As a D novice am not in the position to suggest changes in the 
language (yet).
I would appreciate a documentation that accurately represents 
what is implemented.

 I don't think that's a good idea, simply because it's a special 
 case.

 I noticed that you haven't mentioned `==`. You're probably 
 aware of it, but if not we might be talking past each other. 
 So, just to be clear: You can also compare arrays with `==` 
 which compares elements. `null == ""` is true.

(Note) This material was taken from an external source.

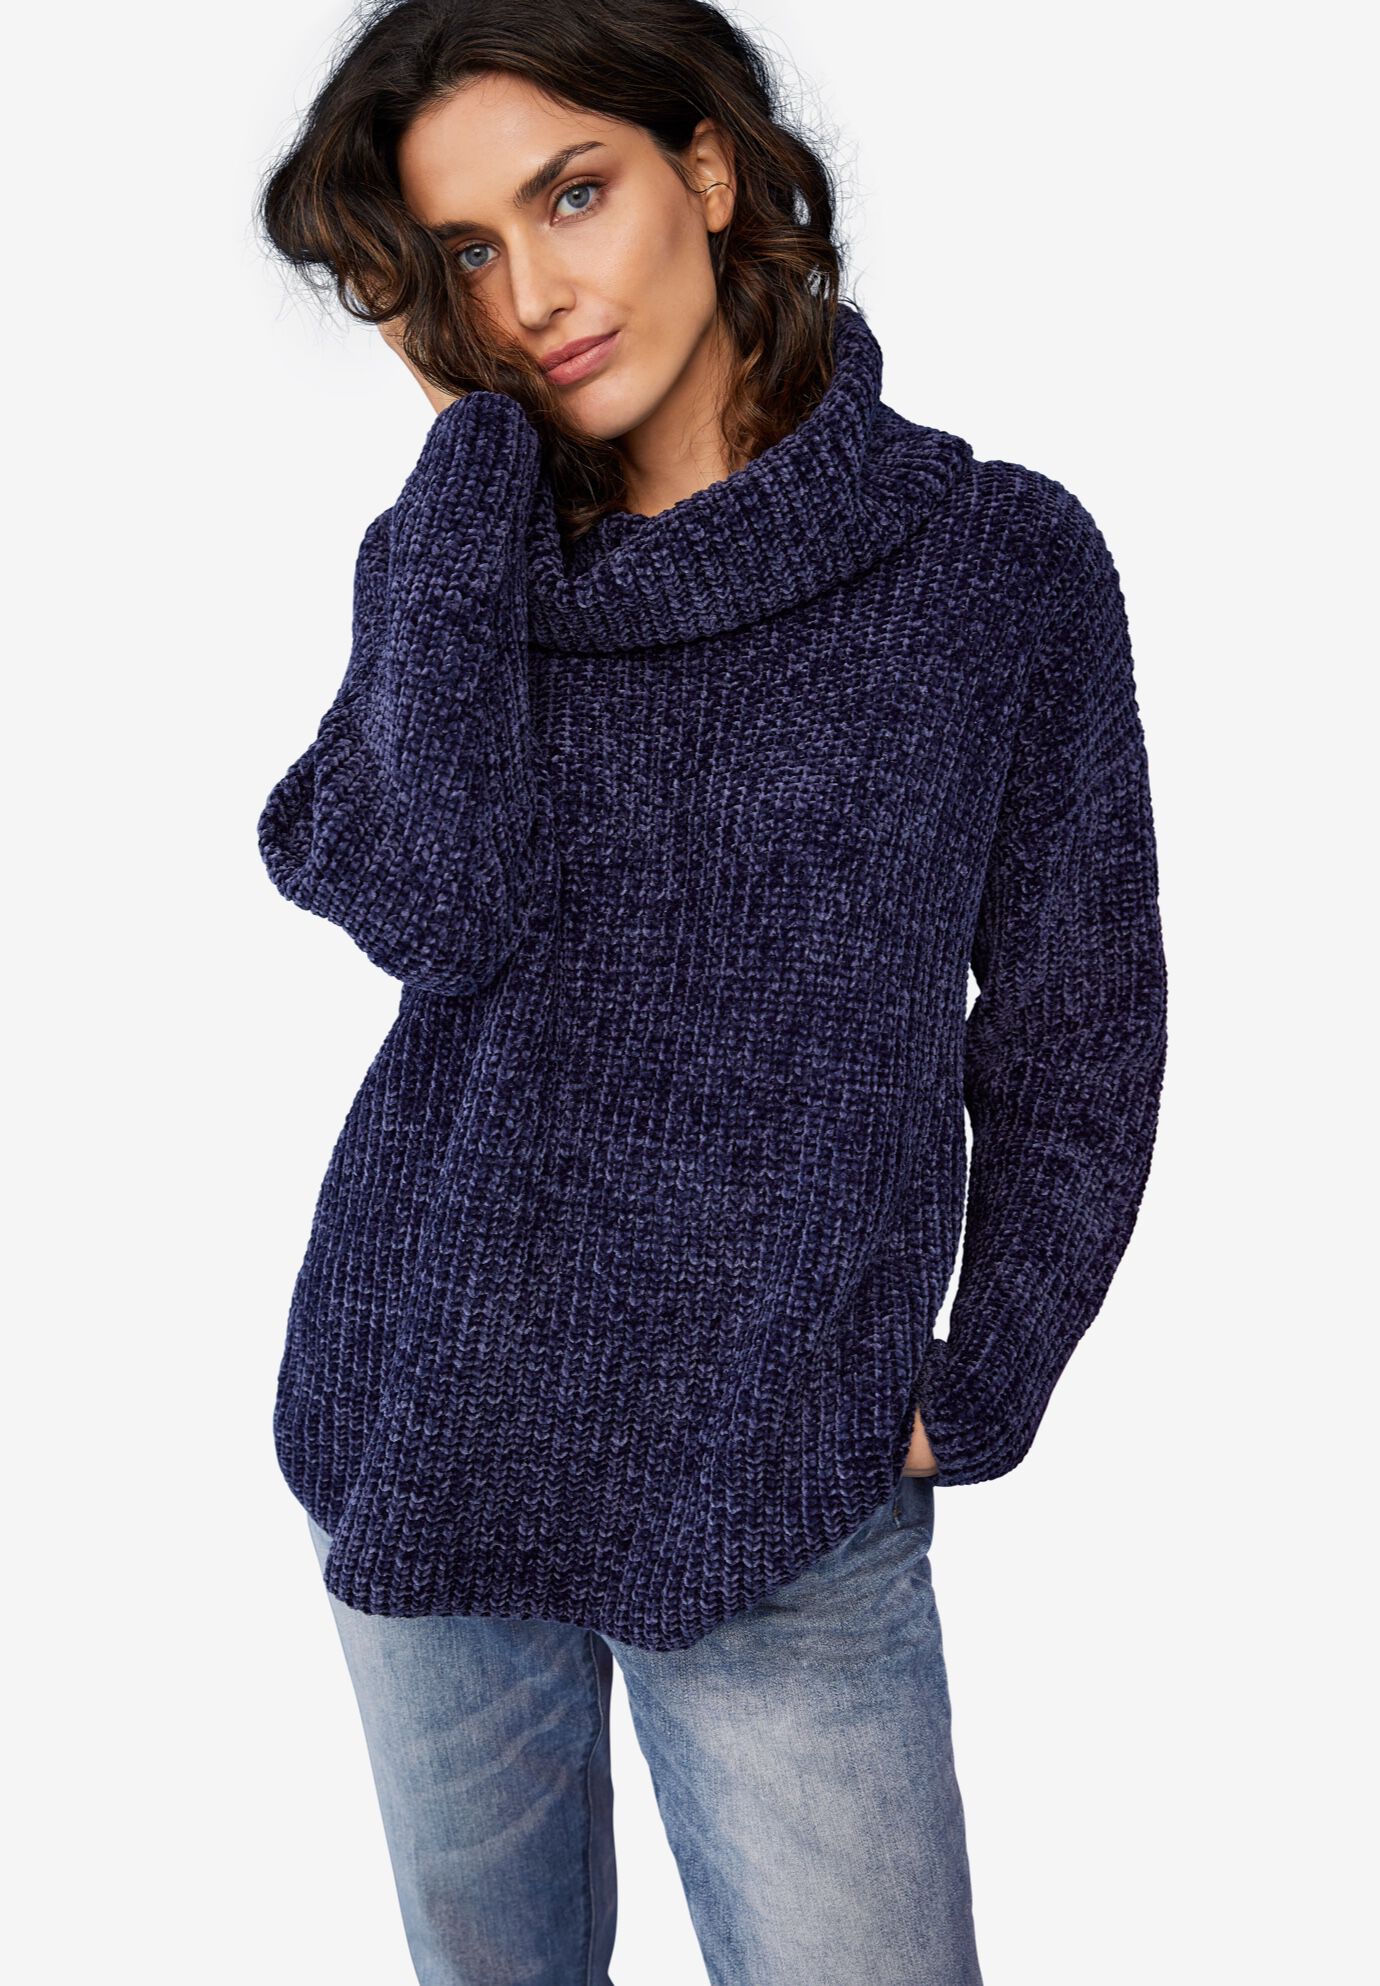 Chenille Turtleneck Sweater | Roaman's

As mentioned in the subject my posting is about the state of 
affairs wrt. the (non-)nullity of strings. In C/C++ once a char * 
variable became non-NULL 'it' never loses this property. In D 
this is not the case: The non-null value ""
'becomes' null in

    "".decodeComponent

 You only get surprised if you expect that to check for 
 emptiness (or something else entirely).

 
 As mentioned I was surprised, that the non-nullity did not 
 pass thru decodeComponent.

 decodeComponent doesn't seem to return the same (identical) 
 string you pass it, most of the time.

Sure. But I am writing about the string value which comprises the 
(non-)nullity of the string. This is not preserved.

[...]

 decodeComponent simply gives no promise of preserving pointers.

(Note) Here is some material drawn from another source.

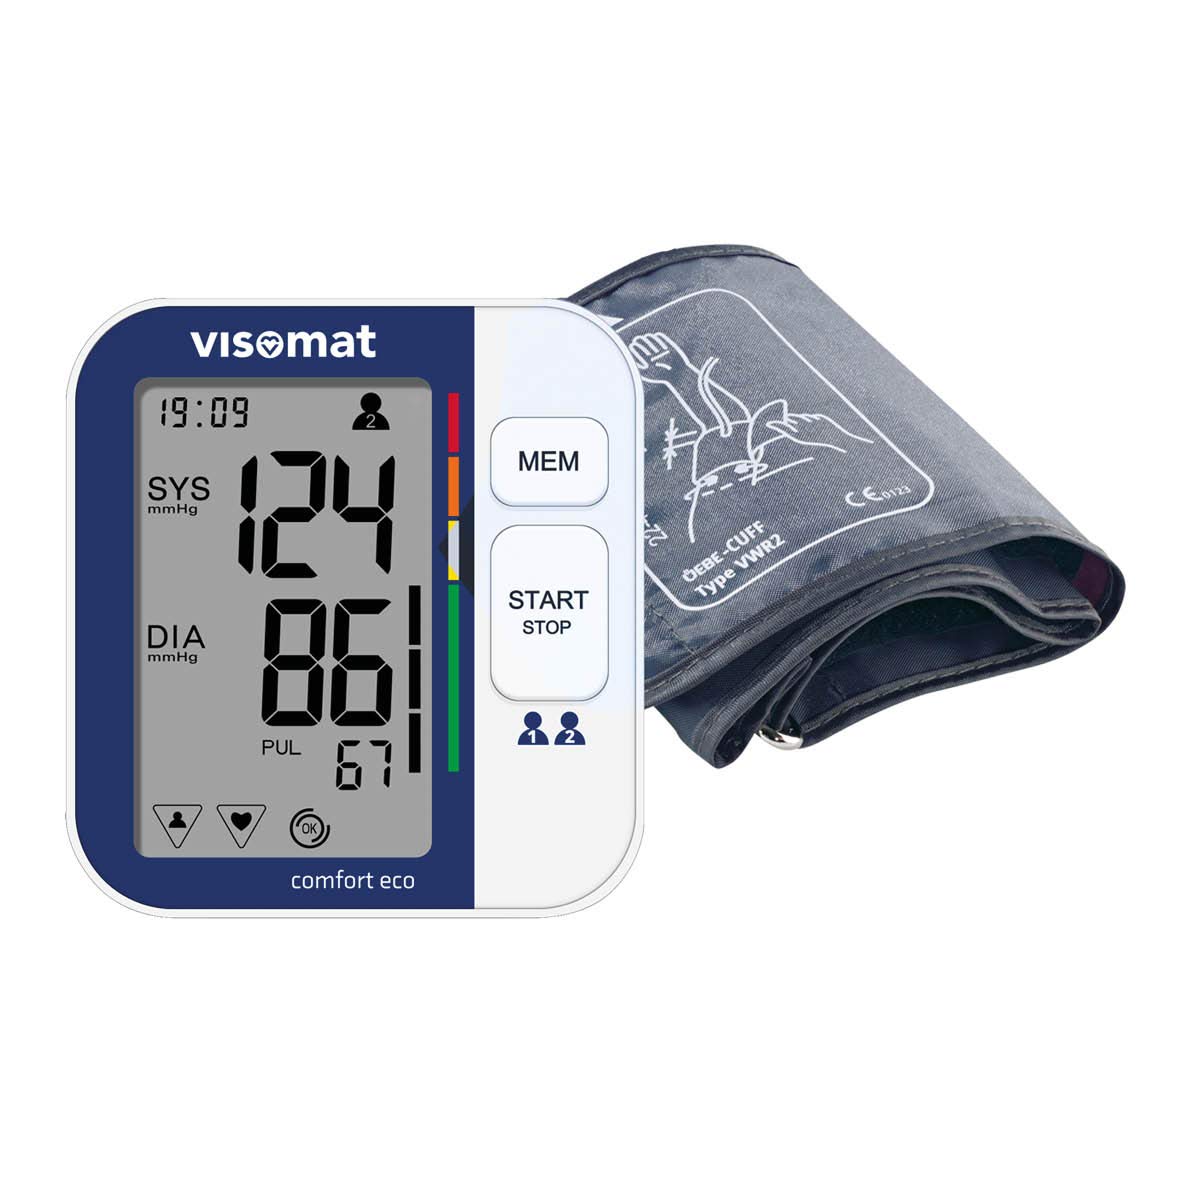 visomat 24026 comfort eco - Oberarm Blutdruckmessgerät, vollautomatische und sichere Blutdruckmessung, validierte Messgenauigkeit, Hersteller mit über 40Jahren Erfahrung, 1 Stück (1er Pack)

string is not a pointer but a type. To the user of string it is 
completely irrelevant, if the nullity of the string is 
implemented by referring to a pointer inside the implementation 
of string.

 You also shouldn't rely on it returning null for a null input, 
 even when it currently does that.

I assumed that a non-null string is returned for a non-null input.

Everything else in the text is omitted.